A total of 83 percent of the women with confirmed endometritis returned for follow-up at one week and at one month. At the one-week visit, all patients reported diminished lower abdominal pain. Seventy-five percent of women were considered cured at one week, and 83 percent were considered cured at one month. The cure rates did not differ according to HIV status. Women with PID who were infected with N. gonorrhoeae, C. trachomatis, or both did not achieve higher cure rates than patients infected with nongonococcal, nonchlamydial PID. No patient required hospitalization because of failed ambulatory therapy. Thirteen percent of women infected with N. gonorrhoeae, C. trachomatis, or both had persistent or recurrent gonococcal infections at follow-up, but none had chlamydial infection.

Results of this study demonstrate that histologically confirmed endometritis is more common among HIV-infected women than among HIV-negative women, and that HIV-infected women are more likely to have bacterial vaginosis than a gonococcal or chlamydial infection. The results also demonstrate that HIV-positive women achieved high cure rates with outpatient oral antimicrobial therapy. It was also shown that outpatient therapy was adequate regardless of HIV serostatus and degree of immunosuppression. None of these patients required surgical intervention or adjustments of antibiotic regimens.

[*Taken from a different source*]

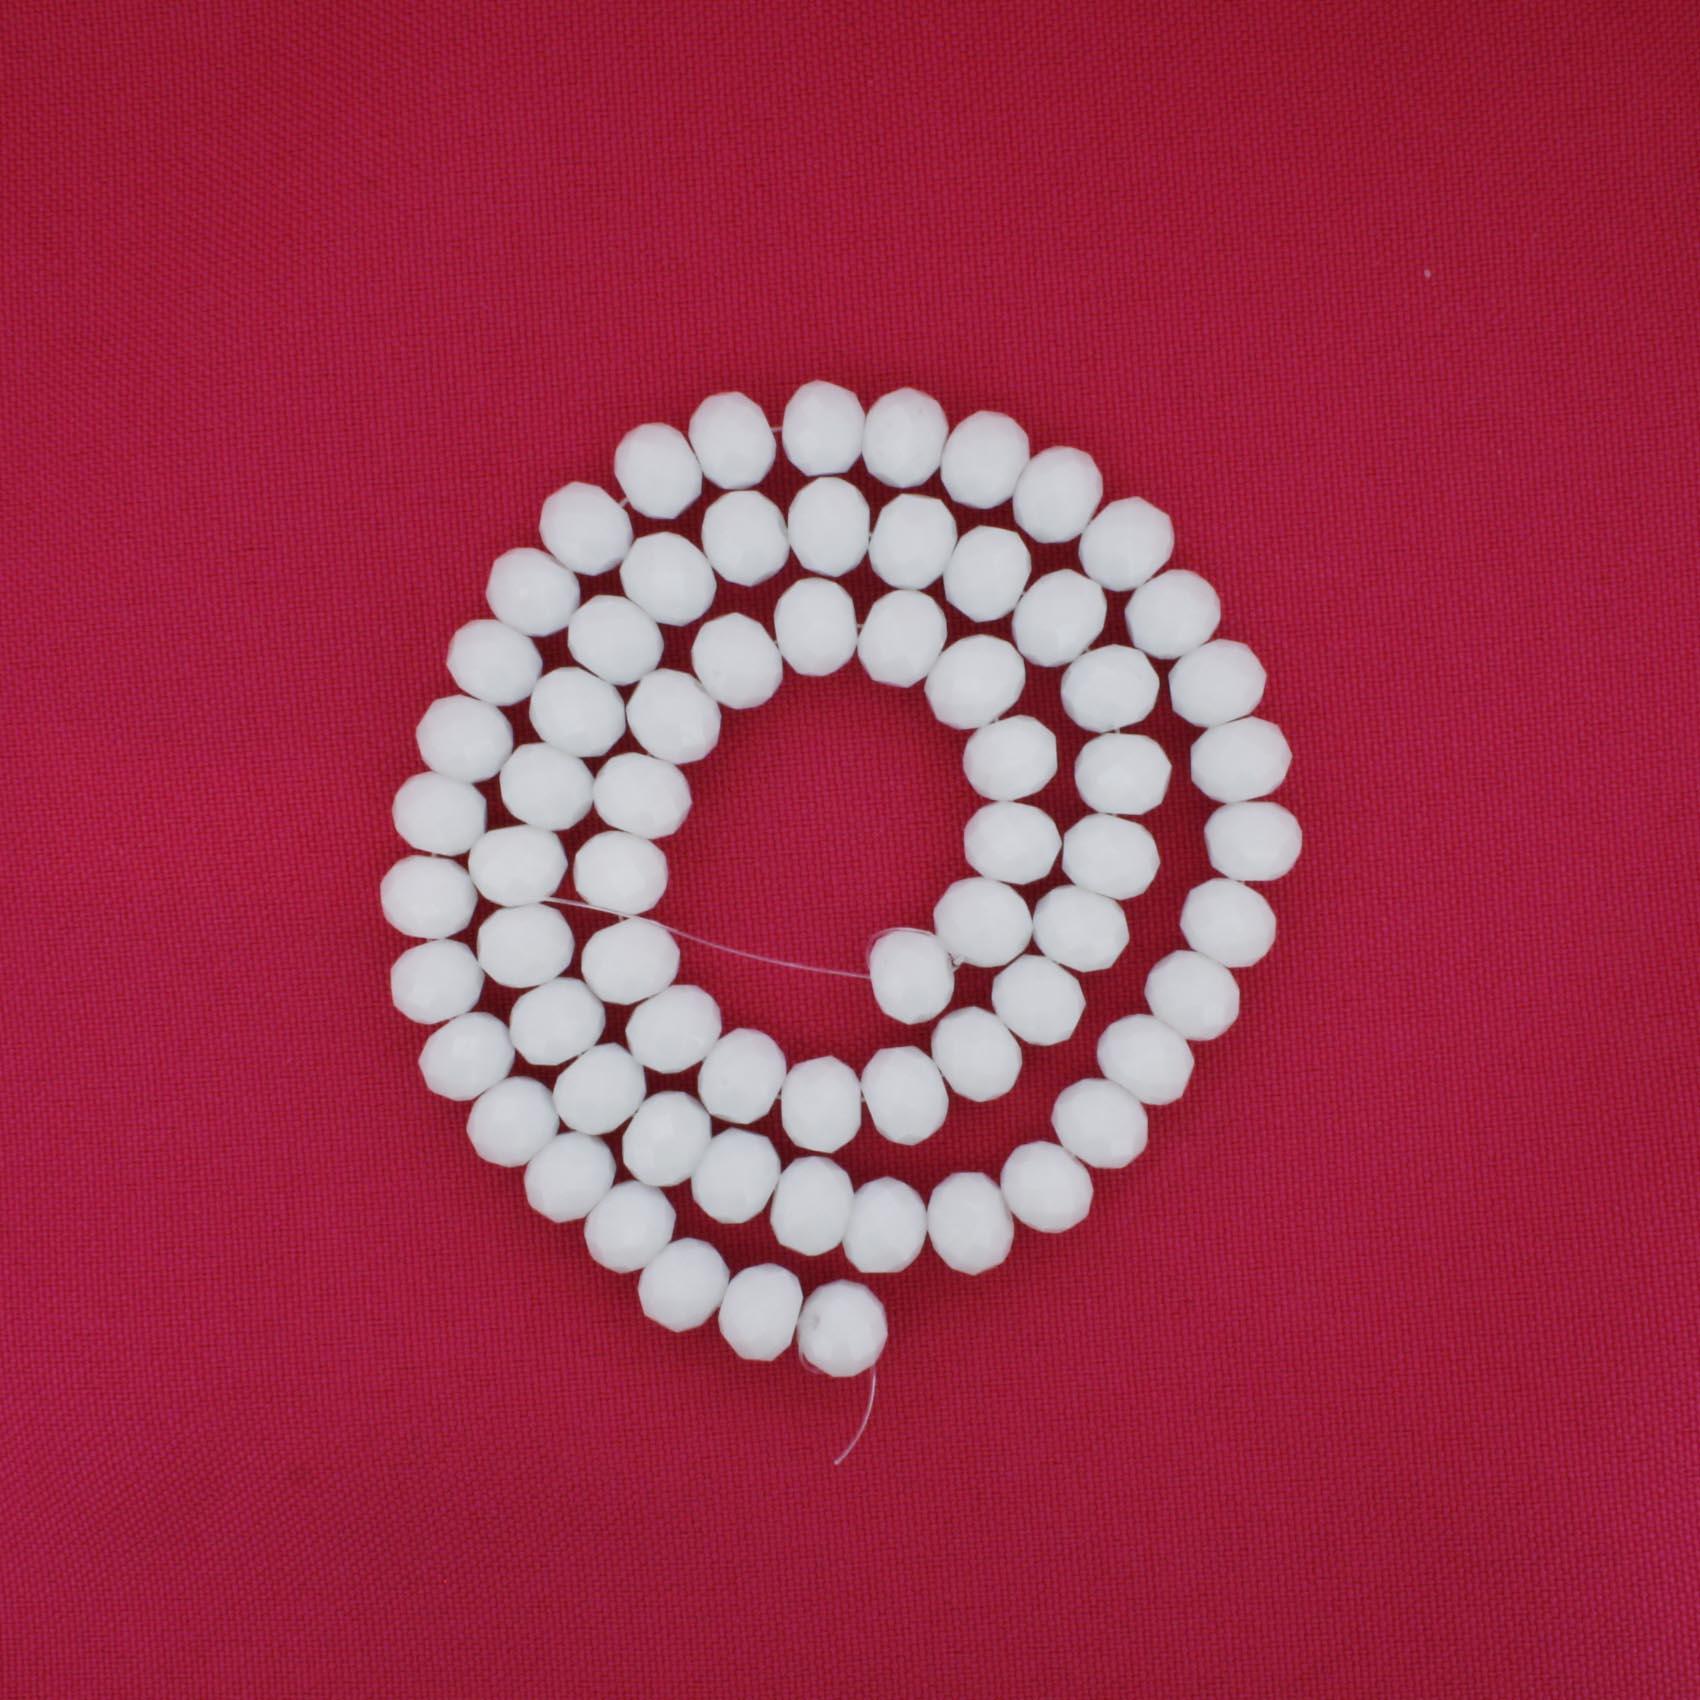 Fio de Cristal - Flat® - Branco - 8mm  - Stéphanie Bijoux® - Peças para Bijuterias e Artesanato

The authors conclude that HIV-infected women with mild to moderate PID can safely be treated as outpatients although it is not clear if outpatient regimens would be adequate for severely immunocompromised women. A relationship between HIV-associated PID and bacterial vaginosis appears to exist.

editor's note: One of the interesting aspects of this study is that the median delay in seeking care for symptoms of lower abdominal pain was seven days (range 1 to 30 days). One of the CDC's recommendations for beginning early empiric therapy for suspected PID is based on the delay of care data demonstrating that even a few days' delay in treatment can result in long-term adverse sequelae. This study raises the question if an aggressive approach is necessary. Long-term follow-up on pregnancy and infertility rates in these women would be helpful in determining the optimal strategy.—b.a.